Provided data ▸
##########

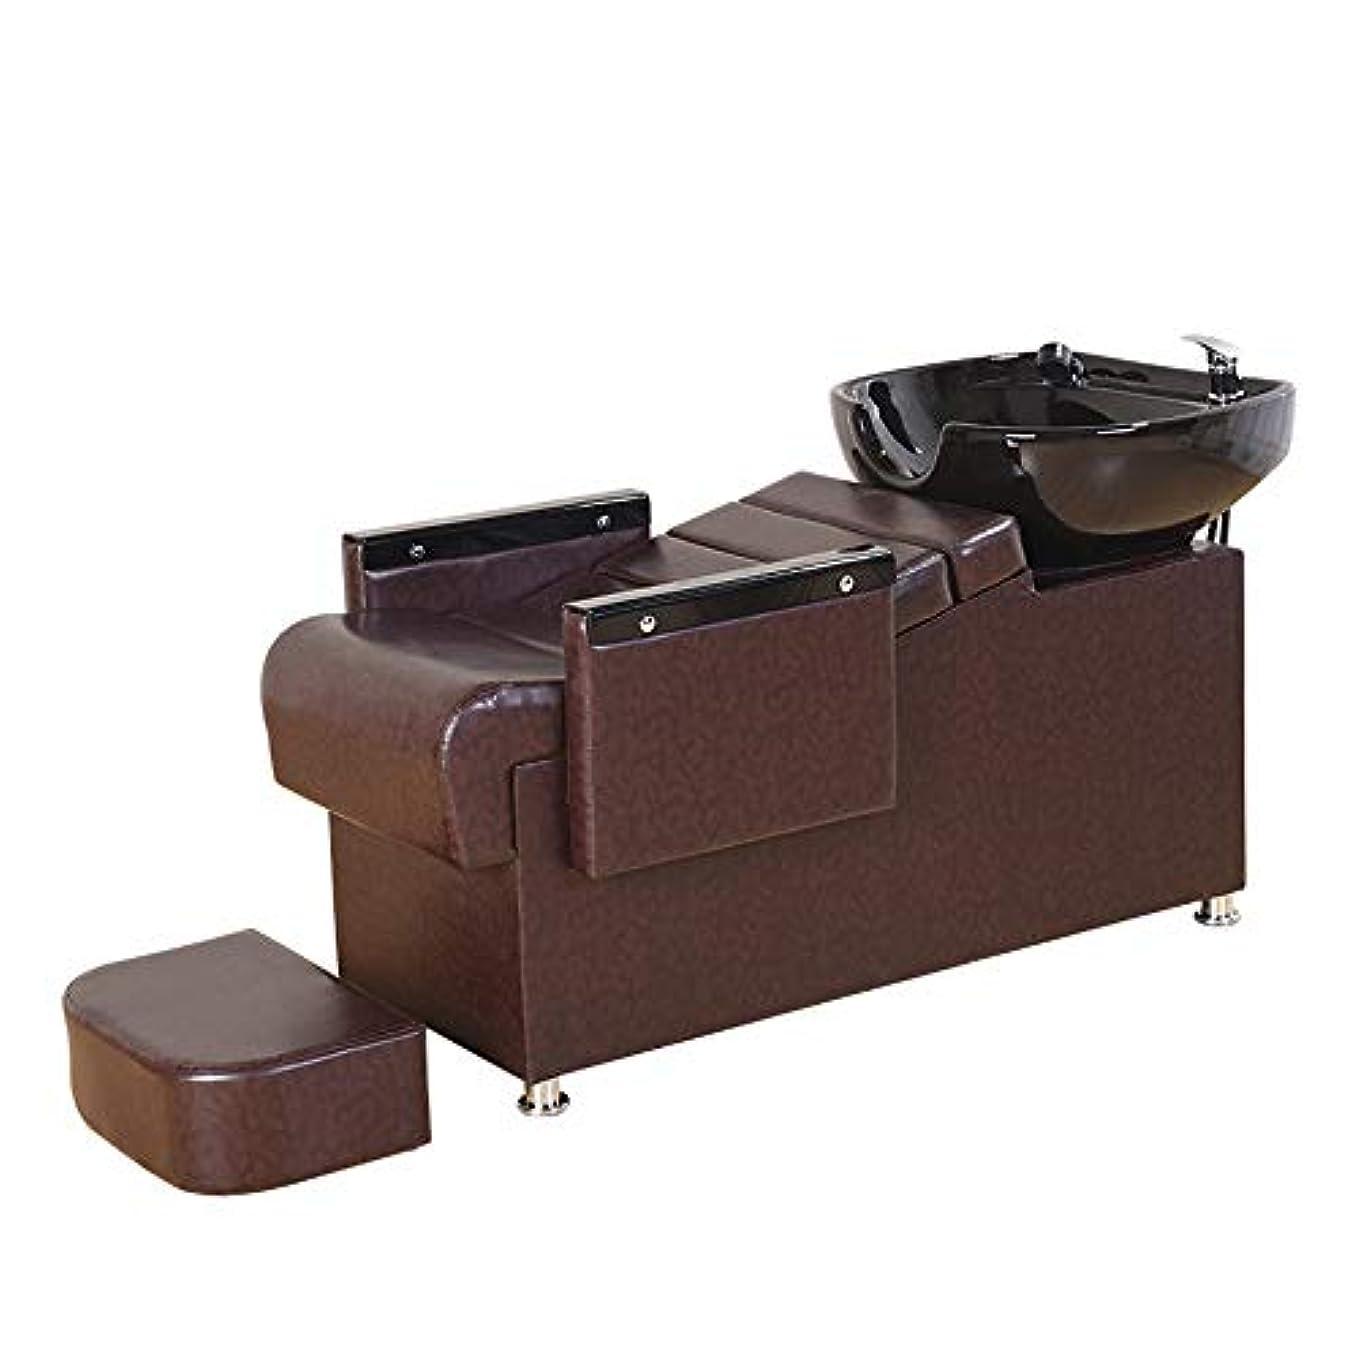 やさしいデコレーション帝国主義シャンプー椅子、逆洗ユニットシャンプーボウル理髪店フラッシングベッド美容院シンク椅子用スパ美容院機器
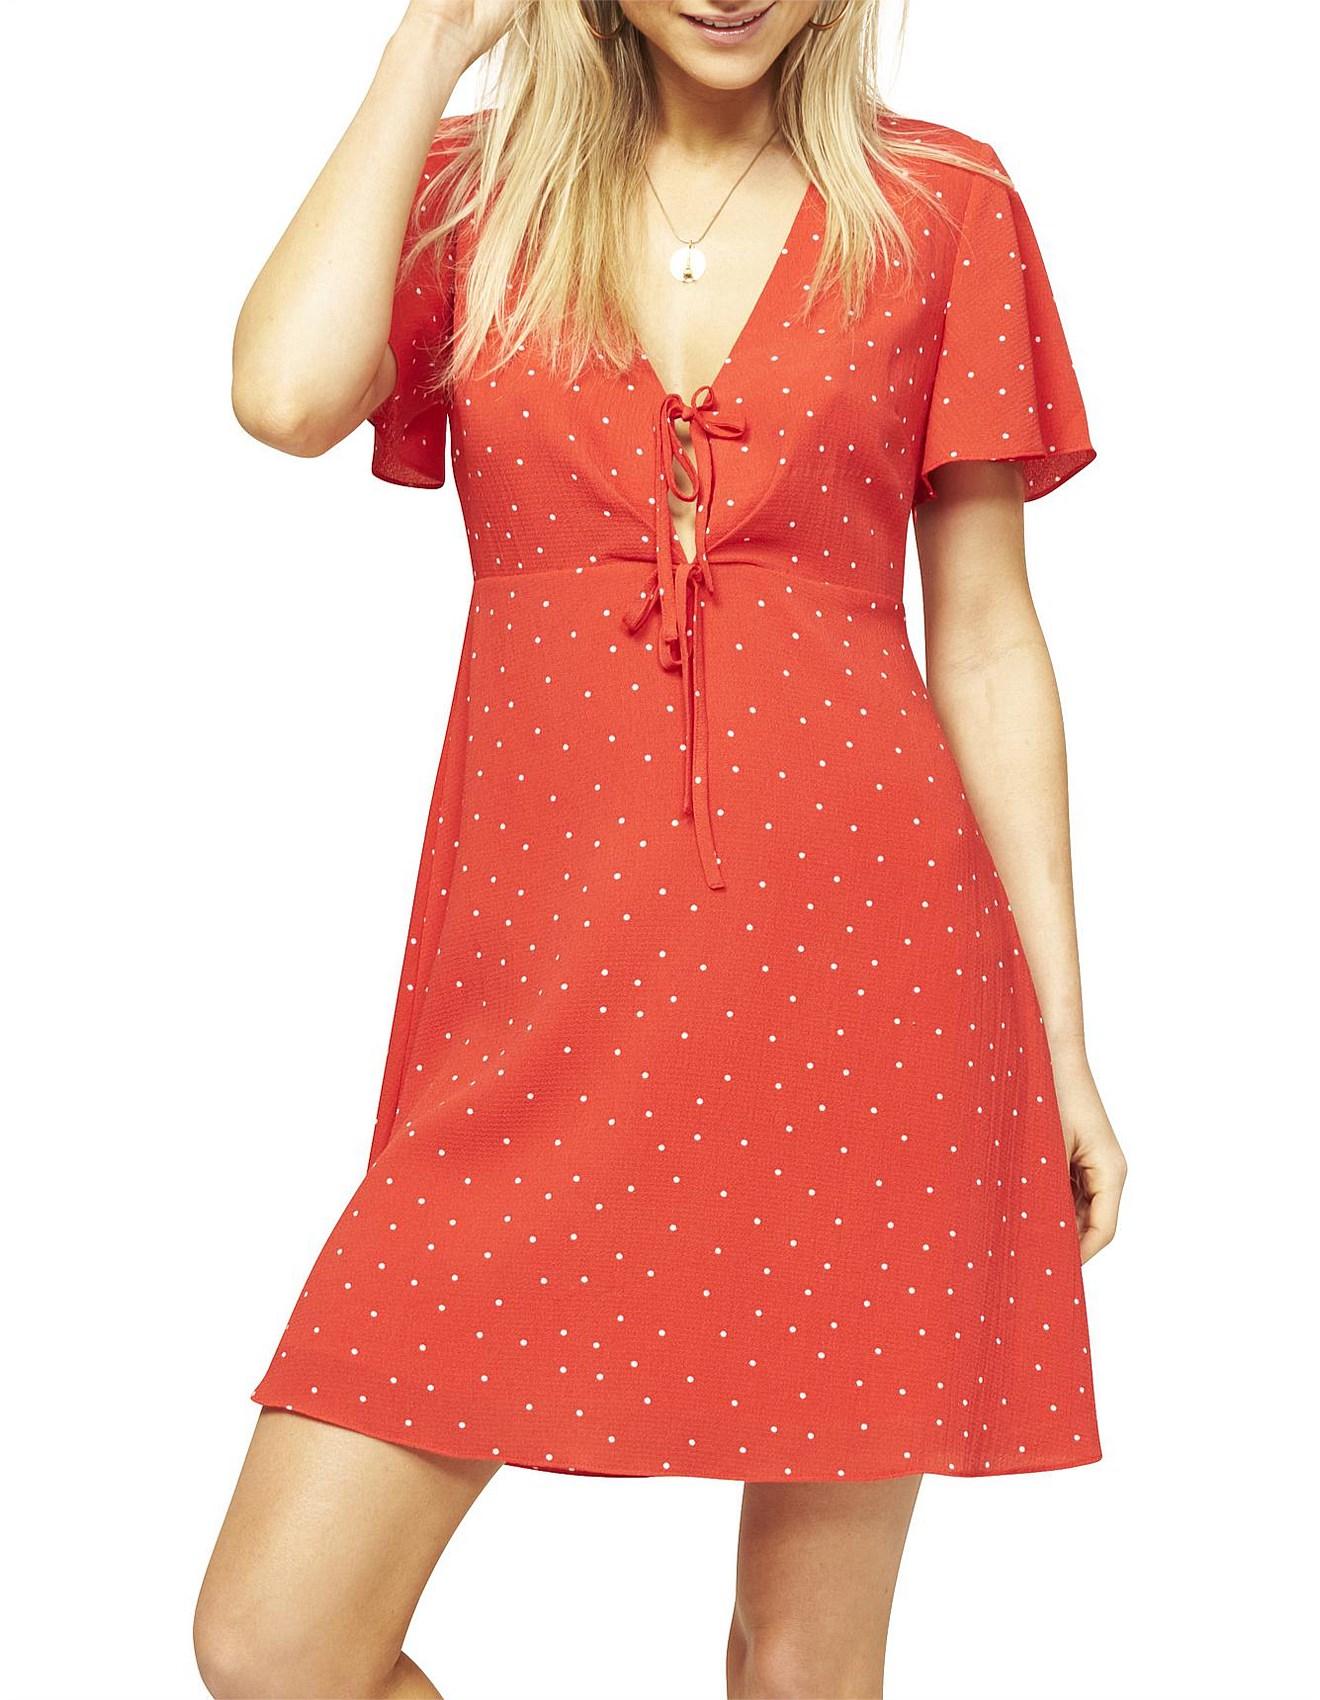 Dress Sale | Buy Women's Dresses Online | David Jones - Oh ...
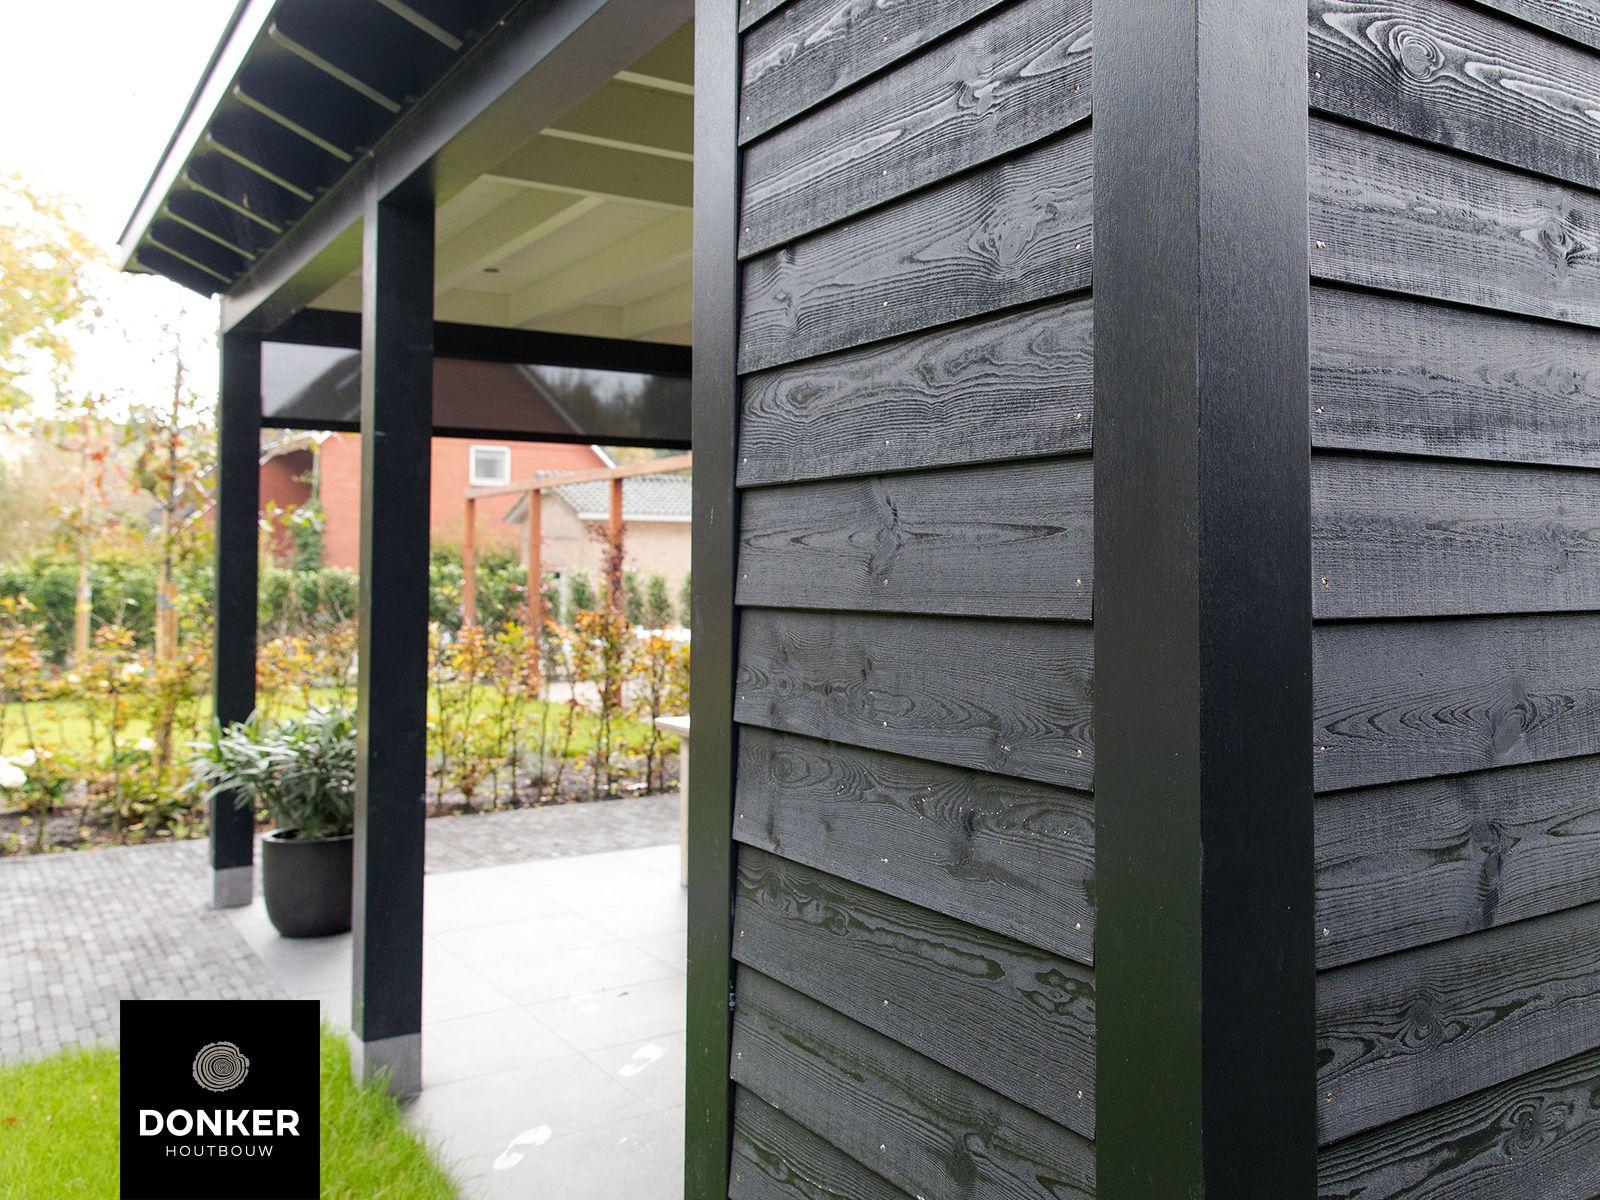 Ongekend Donker Houtbouw // Landelijke veranda / Zwart potdeksel GC-48

##########

Required action ▸ The images are to be left out; every line above should be set down exactly.

Completed exercise ▸
 やさしいデコレーション帝国主義シャンプー椅子、逆洗ユニットシャンプーボウル理髪店フラッシングベッド美容院シンク椅子用スパ美容院機器
 Dress Sale | Buy Women's Dresses Online | David Jones - Oh ...
 Ongekend Donker Houtbouw // Landelijke veranda / Zwart potdeksel GC-48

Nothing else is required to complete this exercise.